Dataset extract.
^^^^^^^^

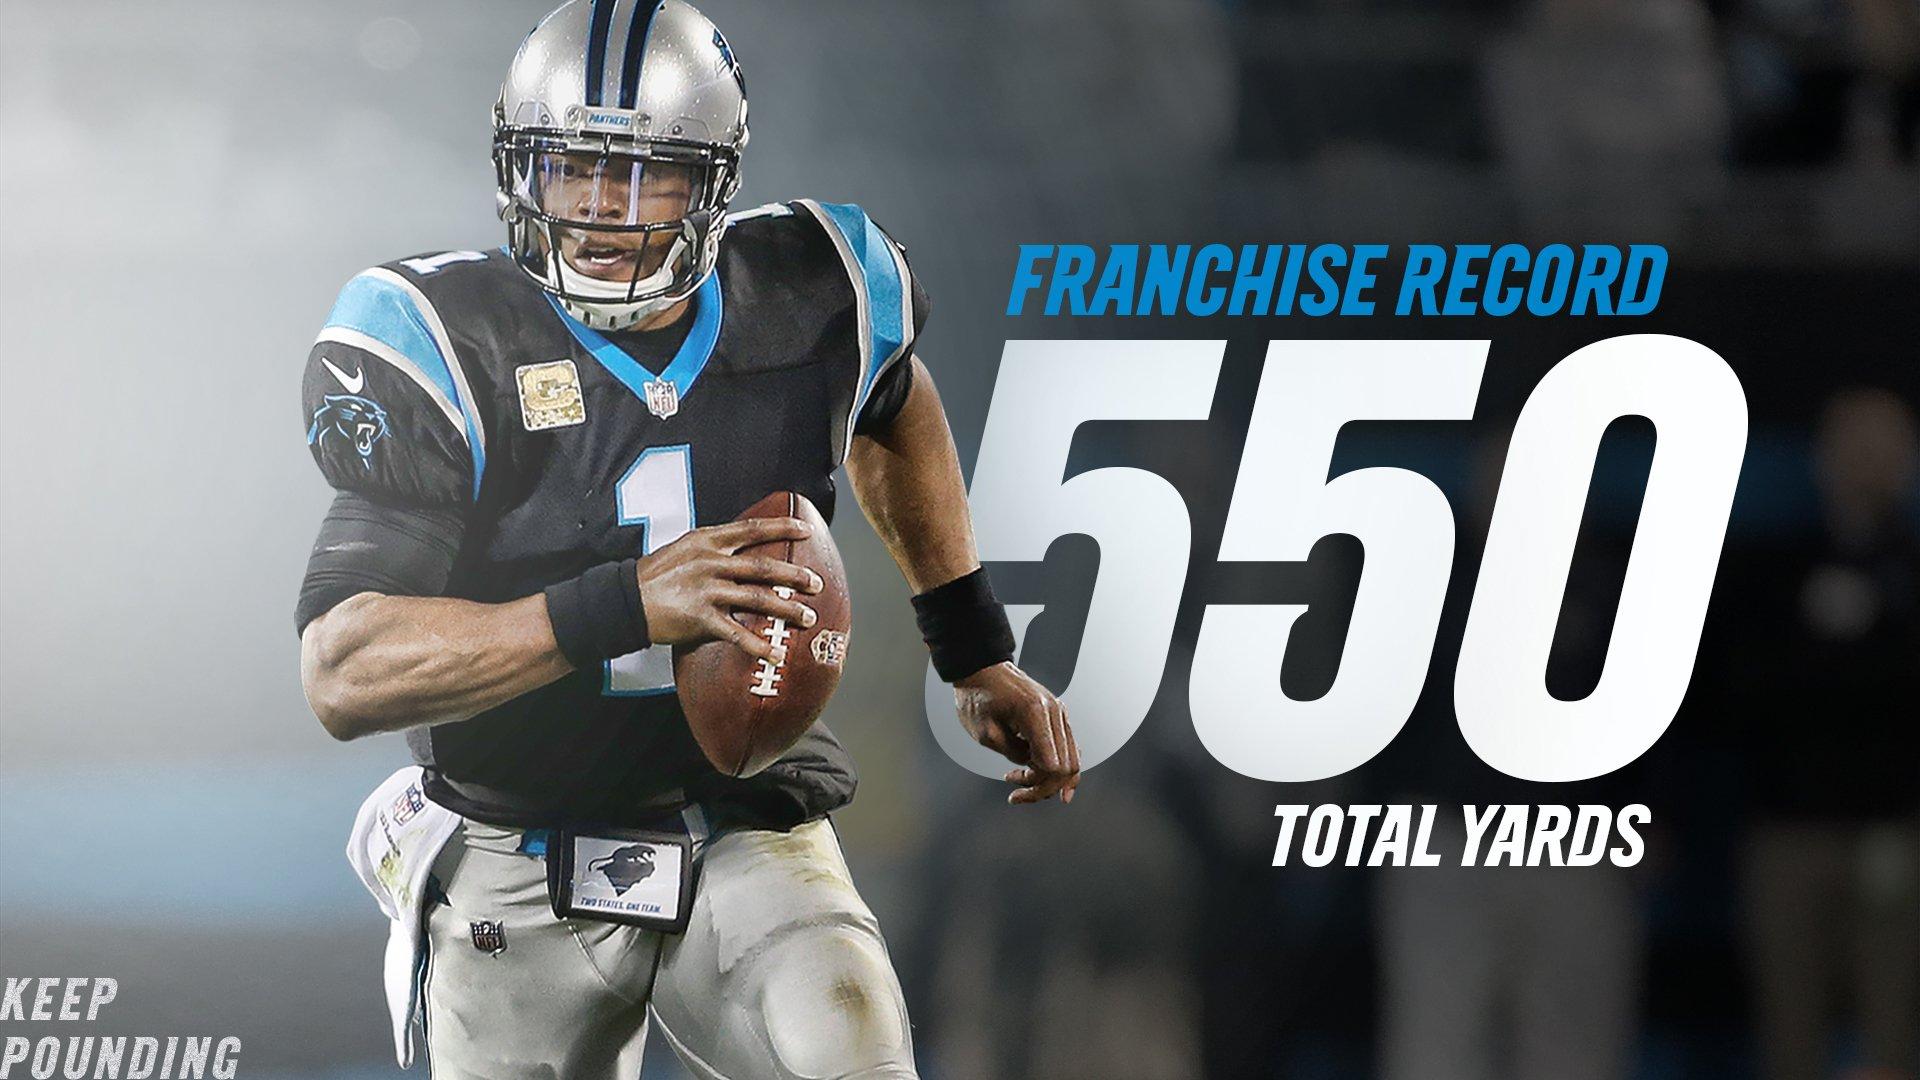 �� Franchise Record. https://t.co/URizJofoHn
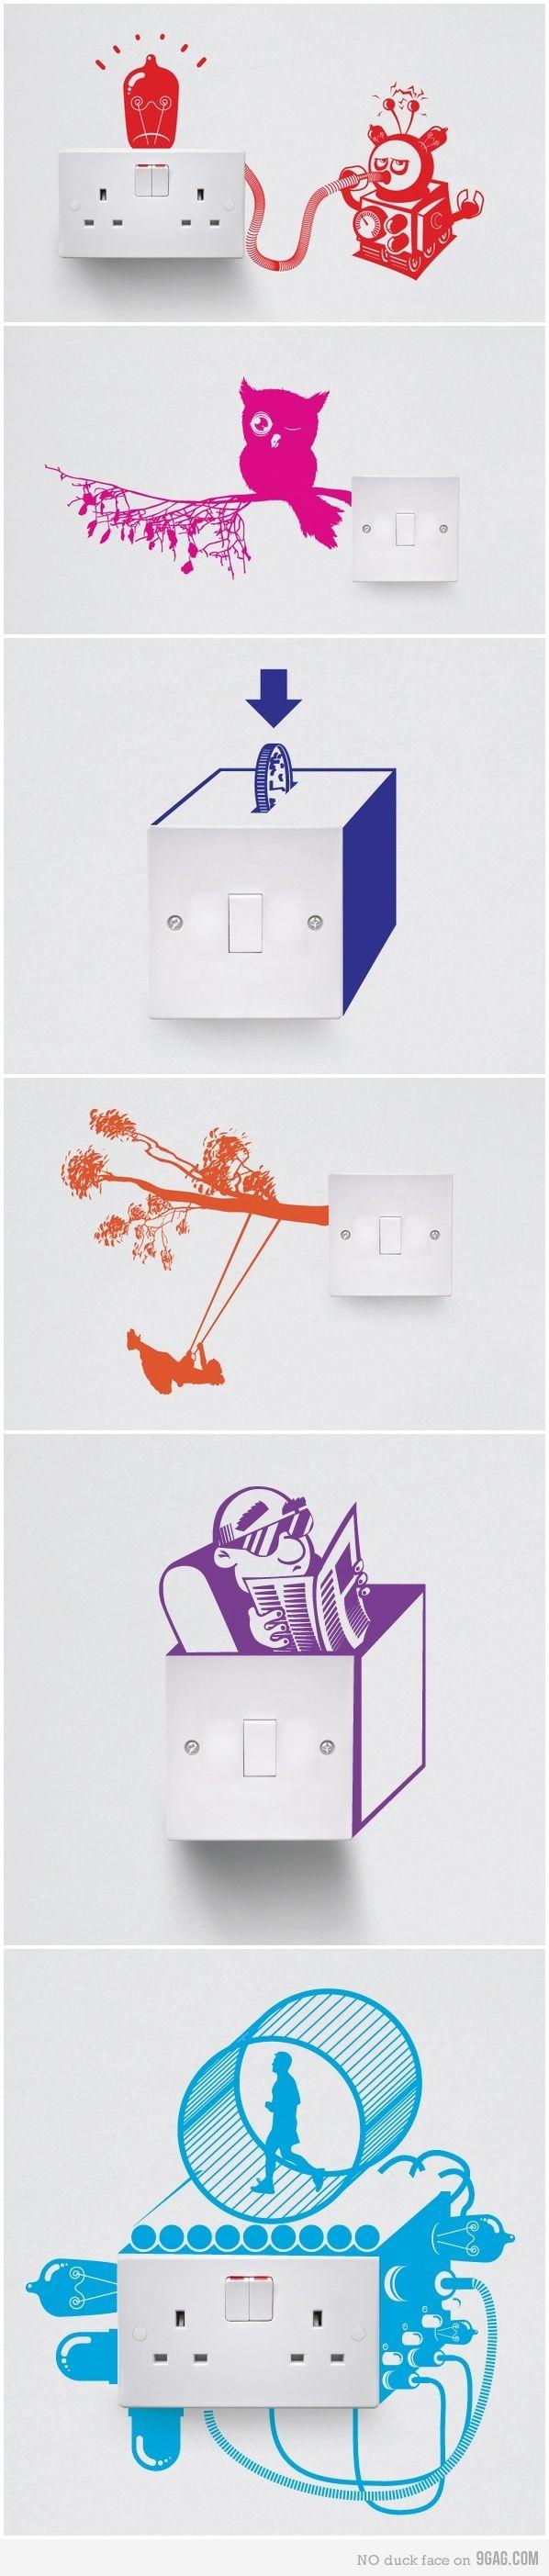 Gadgets til stikkontakt
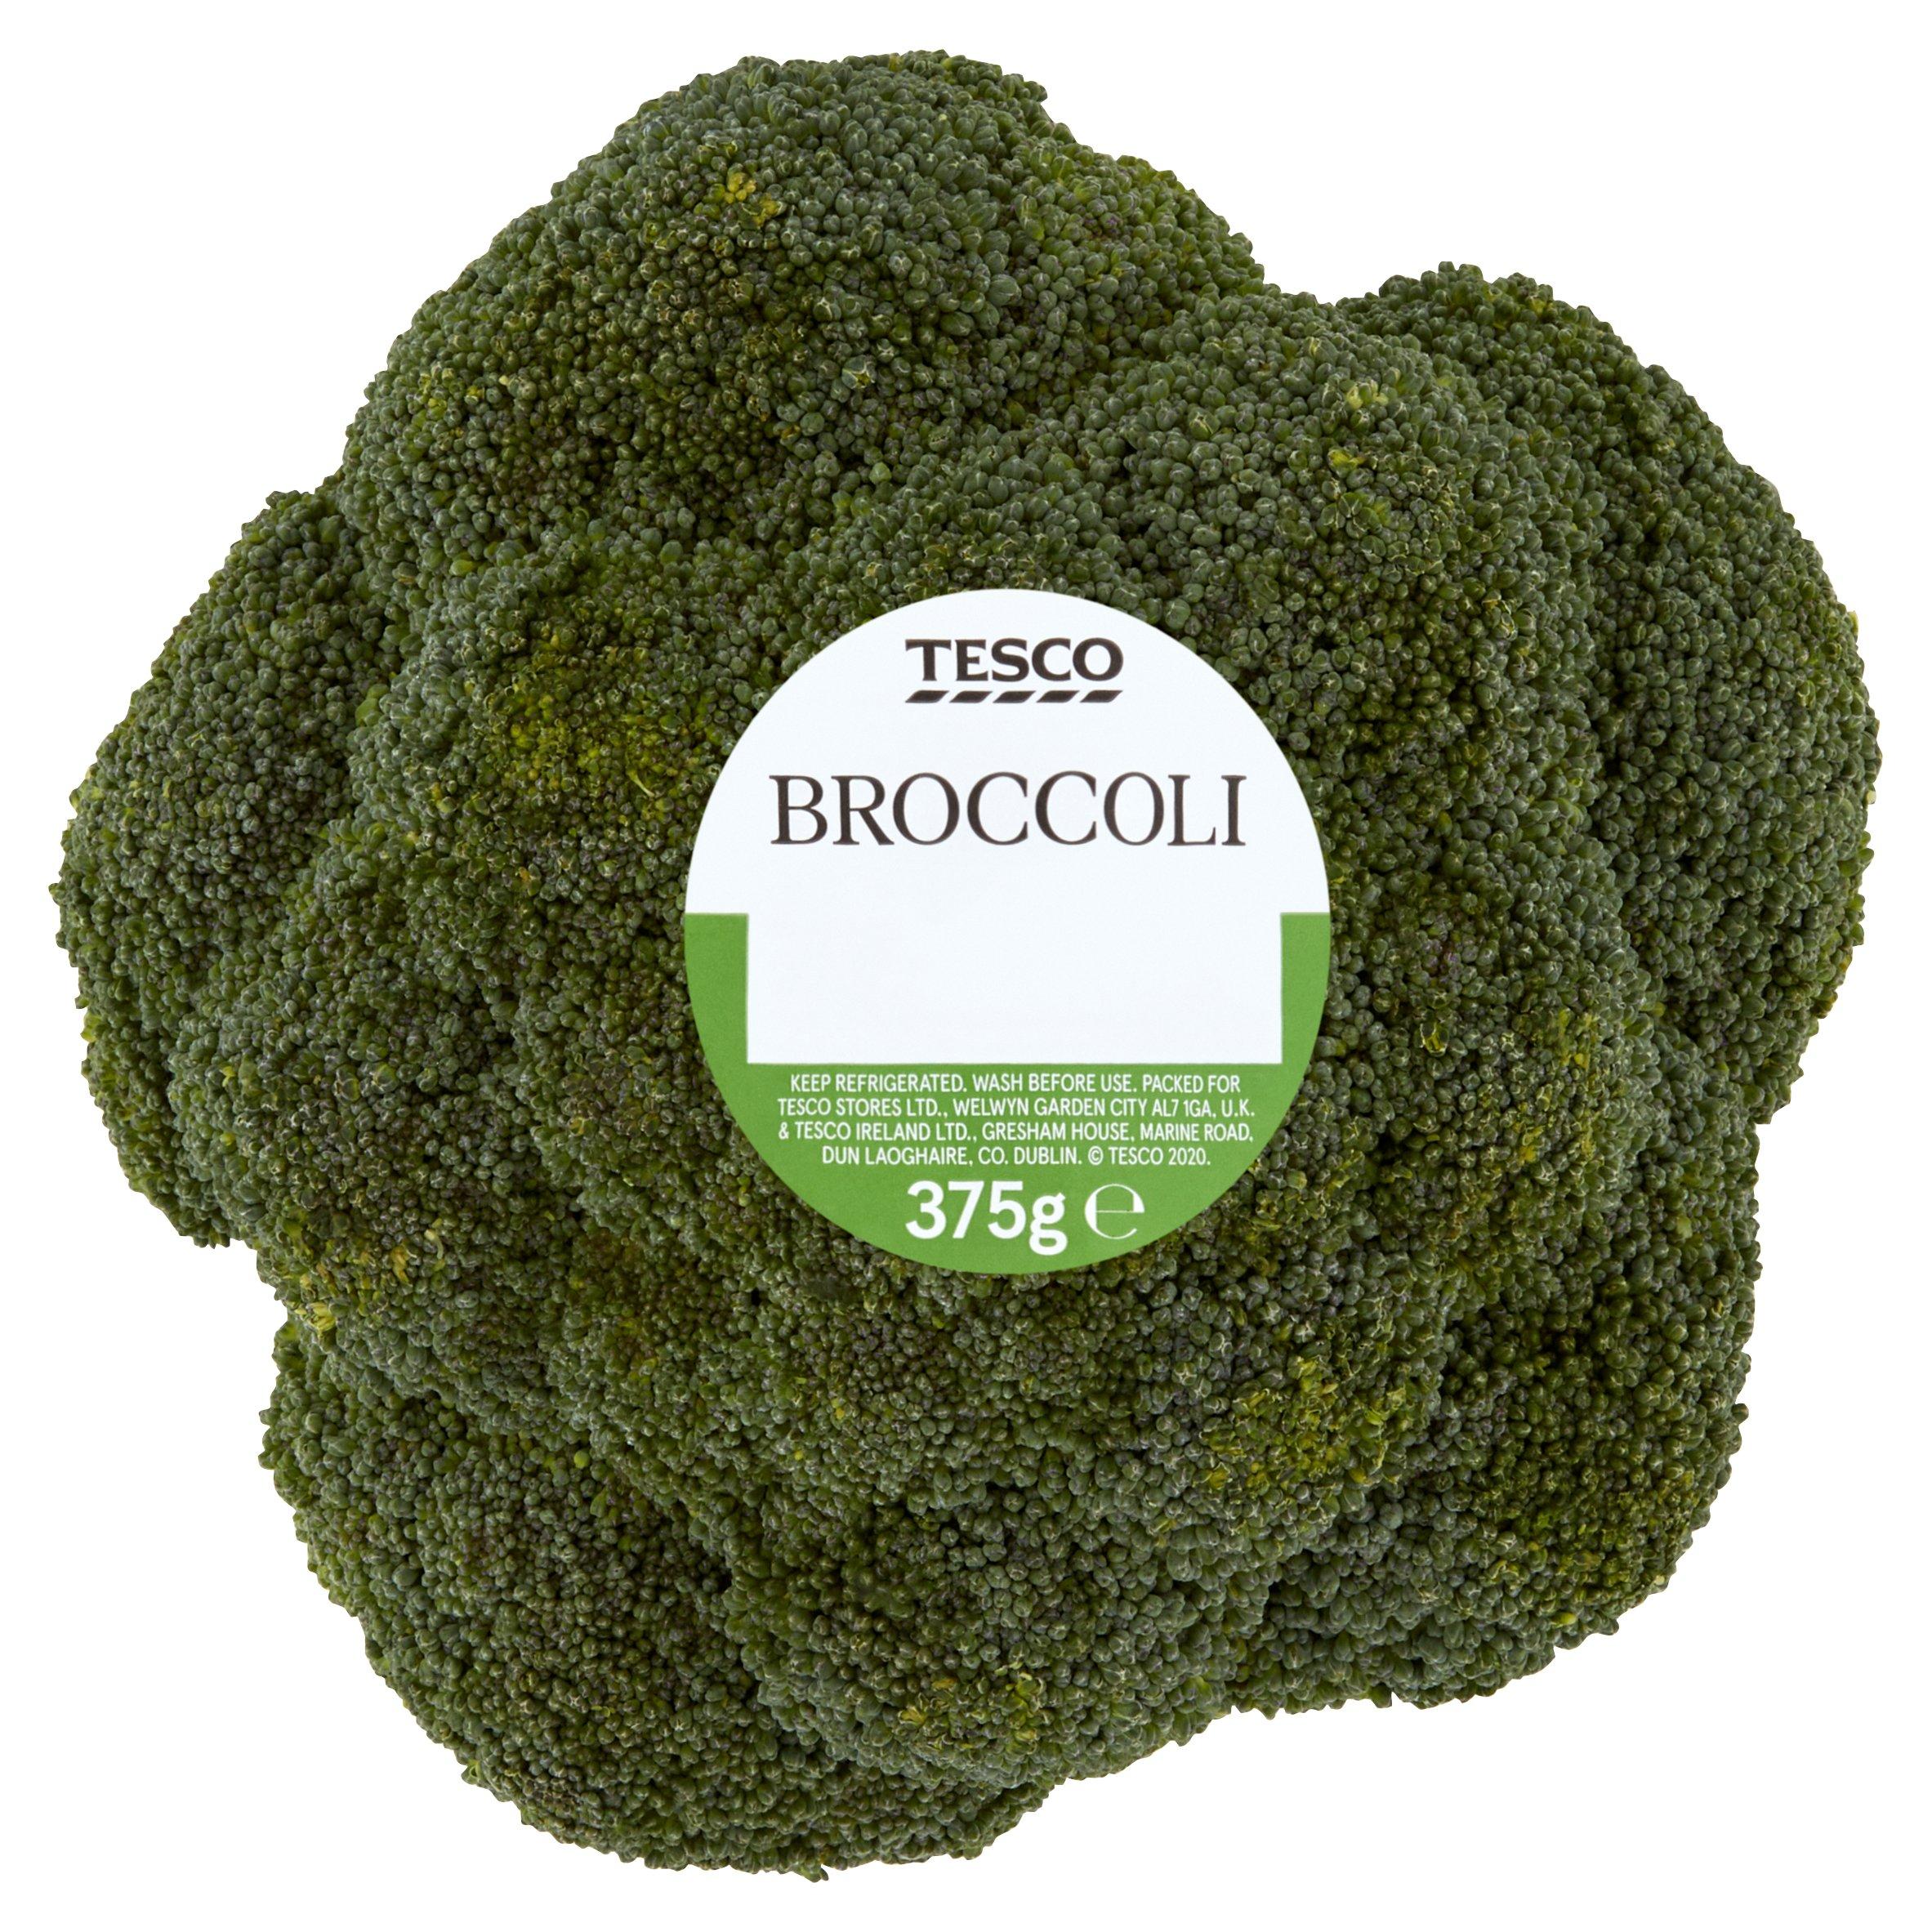 Tesco Broccoli 375G

^^^^^^^^

What you will do.
Would you return the data exactly as written, without the pictures?

Exercise result.
 �� Franchise Record. https://t.co/URizJofoHn
 Gadgets til stikkontakt
 Tesco Broccoli 375G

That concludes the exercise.